A compromised device with non-exportable credentials can perform proper authentication under an attacker's control. Strong client authentication only establishes the device's identity, not that the device is trustworthy.
Some devices simply can't do mTLS on their own. A multifunction copier is never going to be subject to strong authentication or state attestation. For those devices, the services they need to access either need to have more lenient security requirements or something else must act on the device's behalf.
It Means Get Rid of Your Firewalls
We use firewalls to segregate "our network" from "not our network"; while not strictly safe the former is safer than the latter. If we don't trust the internal network there's no point in segregating it.
Having devices on an internal network doesn't make them "good", but it can make them "not obviously bad". Your firewall can keep out obviously bad stuff. If you don't run your own mail services, is there any reason to permit mail traffic onto your network? If you never expect to receive traffic from some part of the world, maybe you can afford to preemptively filter it out. Your coarse filtering devices help ensure that your network resources are devoted to your needs.
It Means Get Rid of Your VPN
VPNs are a useful tool. They also allow your users to extend the corporate network into arbitrary other networks. When services can make use of strong device authentication it becomes more reasonable to make them Internet-facing. This provides convenience for the users because it can reduce the time users need to be on the VPN. For some services it will be infeasible for the organization to restrict access with strong device authentication. For these services a VPN might be the right solution.
It's a Product
There's no shortage of vendors who will sell you a Zero Trust Architecture solution. At best they are taking creative liberties with the term. At worst they know they're selling snake oil. In between are a lot of products and services that represent a partial solution.

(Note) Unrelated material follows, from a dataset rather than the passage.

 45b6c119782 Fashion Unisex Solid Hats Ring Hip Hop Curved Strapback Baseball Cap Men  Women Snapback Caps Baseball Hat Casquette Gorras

No vendor is offering a solution that works with all of your services and understands your all your client devices. Perhaps it's a viable offering if they provide 100% outsourced IT. Then the vendor controls all the clients and all the services and can ensure that all aspects of IT infrastructure have Zero Trust solutions.
Zero Trust Architecture is the future of network security. As is often the case the future has not been evenly distributed. If we want this capability to be commonly available we must put pressure on vendors to ensure simple, robust, efficient APIs are available for retrieving data about our devices from their products. For services, we need them to have mechanisms to make use of the data being collected. When vendors are competing for our contracts we can choose interoperability as a key deciding factor.